Knowledge graphs, RAGs, pipelines, stuff like this. It's almost everywhere right now.
Agreed. The thing that we're not talking enough about is the context that is inherent to MDM. We have hierarchies. We've always had hierarchies within MDM platforms. We've always been a source of truth for context. So the combination of MDM plus data catalogs, often data catalogs will be where these things are defined, where you will have your business glossary. But MDM is where you're operationalizing a lot of this context. So the good news for MDM practitioners, the good news for data and AI practitioners is that context is hot. We've got to figure this out. But it is a little bit challenging because the skill set that is needed to create and manage a lot of context typically within most organizations is happening in what is known as more of a knowledge management function where people are managing complex ontologies and taxonomies. Maybe they're managing your search infrastructure, maybe they're managing your product catalog. There are people in your organization that know this stuff pretty well. We've got to find a way to reach out to those people and pull them into the data and analytics function within our organizations to have a more holistic approach.
This is maybe a very good question right now that I want to ask you. So we have the context, we have agent workflows that can just feed data directly to MDM tables right now. But exactly and very precisely, what does that unlock from the human perspective as well? How does it impact the work that I'm doing, all my organization is doing right now?
Well, the biggest impact to humans is we're going to have to figure out how to master unstructured data. And right now we're not really doing that very much. We may do a little bit of capture of some data for maybe we're capturing data off of forms for healthcare-related use cases or insurance-related use cases. But Gartner says that 80 to 90 percent of all data in organizations is unstructured. And if we are going to use that data, operationalize that data, that 80 to 90 percent of data for AI, we're going to have to govern it. We're going to have to apply data quality to it. We're going to have to master it, even traditional data for traditional MDM. So that's a big change coming for a lot of people: how do we do that? How do we adapt our governance policies to managing, mastering quality for unstructured data?
How do we do it? From my perspective, every single time we have the unstructured data in order to govern it, to model it correctly, we need to squeeze some kind of the structure out of this unstructured data. Let it be the tags, enrichment of the data, putting on additional columns, whatever. LLMs can help us doing so, but right now we are entering these questions about also AI governance, LLM governance, the unstructured data governance. Now, do we even know what does it really mean, like the AI governance? This is a serious question.
It is a serious question, and I'm giving you a serious answer. The answer is no, we don't really know because we've got legacy frameworks, legacy approaches, legacy rules that don't really work that well when it comes to unstructured data, particularly text. If I read a paragraph and come to a certain conclusion about what it meant or its truth, and you read that paragraph and come to a different conclusion, who's right? Who's wrong? These are the questions we need to start to answer. What does it mean to have ethical data? I think we can start to model what ethics mean from the model behavior perspectives, but what does that actually mean? What is ethical data? When we actually look at the data that will be used to train and guide and ground these models, how do we reduce bias in the data? I don't think we really know. We know it when we see it in the models when the models behave a certain way, but in the core data itself, we really don't know. We don't really know what it means to fully govern all of this unstructured data. There's some basic things we can do. Starts with tagging for sure. That's why so many people are focused on data catalogs and increasingly on MDM as well, because we need to tag all of this data. We need to know what's there. We need to apply metadata, create metadata for these video files, for these text files. That's a starting point.

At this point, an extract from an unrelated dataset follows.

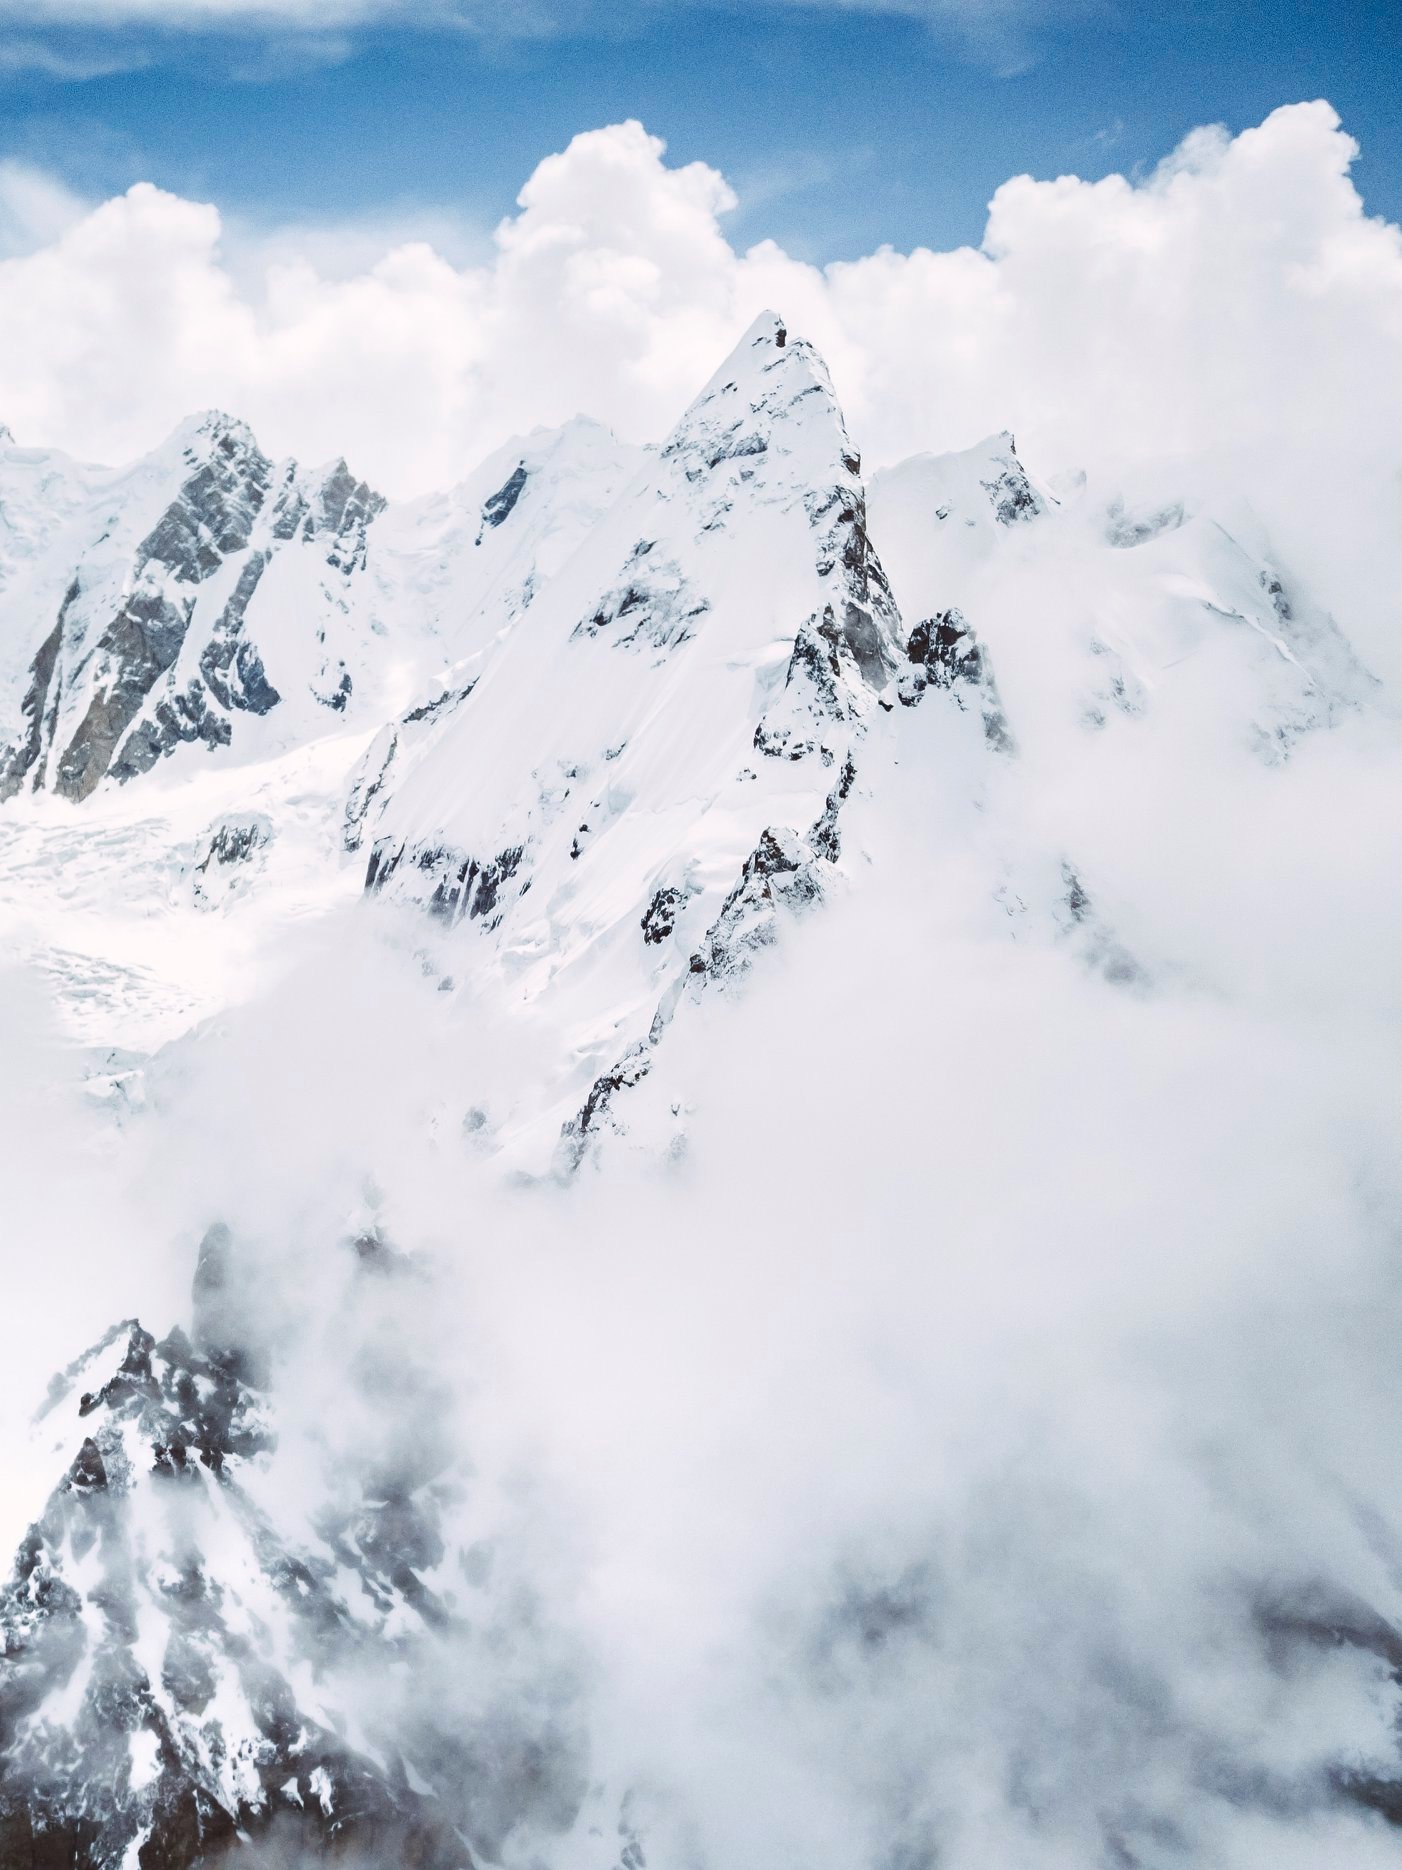 Лайла Пик (Laila Peak) высотой 6096 метров. Фото из базового лагеря команды Анджея Баргеля

Everything reminds me about libraries, basically. Like the old physical libraries in which you had like the huge collections of the unstructured data. They are called books. And for every single book, you are creating the tags, the categories, the indexes, the indices that are helping to manage all of this. Is it like this metaphor or parallel also similar to you? Like something is happening right now.
It's not a metaphor, it's literal. It is literal. Library scientists who work in our companies, many of them who work in our companies, they typically don't sit in a data and analytics function, which is a bit of a problem. But these library scientists are out there. They're building corporate ontologies. They are building corporate taxonomies. We need to figure out how to pull these people in, or at the very least integrate them to our data governance processes so they're sitting at the table when we're having conversations around things like metadata standards. There's a huge opportunity just to have common definitions for things. This is why MDM will continue to play a critical role in organizations because it is where definitions are operationalized. MDM is how today you make sure that you define something in CRM one way and it's defined the exact same way in an ERP system. And we can extend that. It won't just be CRM and ERP. It will be MP4 files sitting in your marketing SharePoint service. It'll be Word docs sitting somewhere else. So MDM needs to start moving into unstructured data and we need to start pulling unstructured data in.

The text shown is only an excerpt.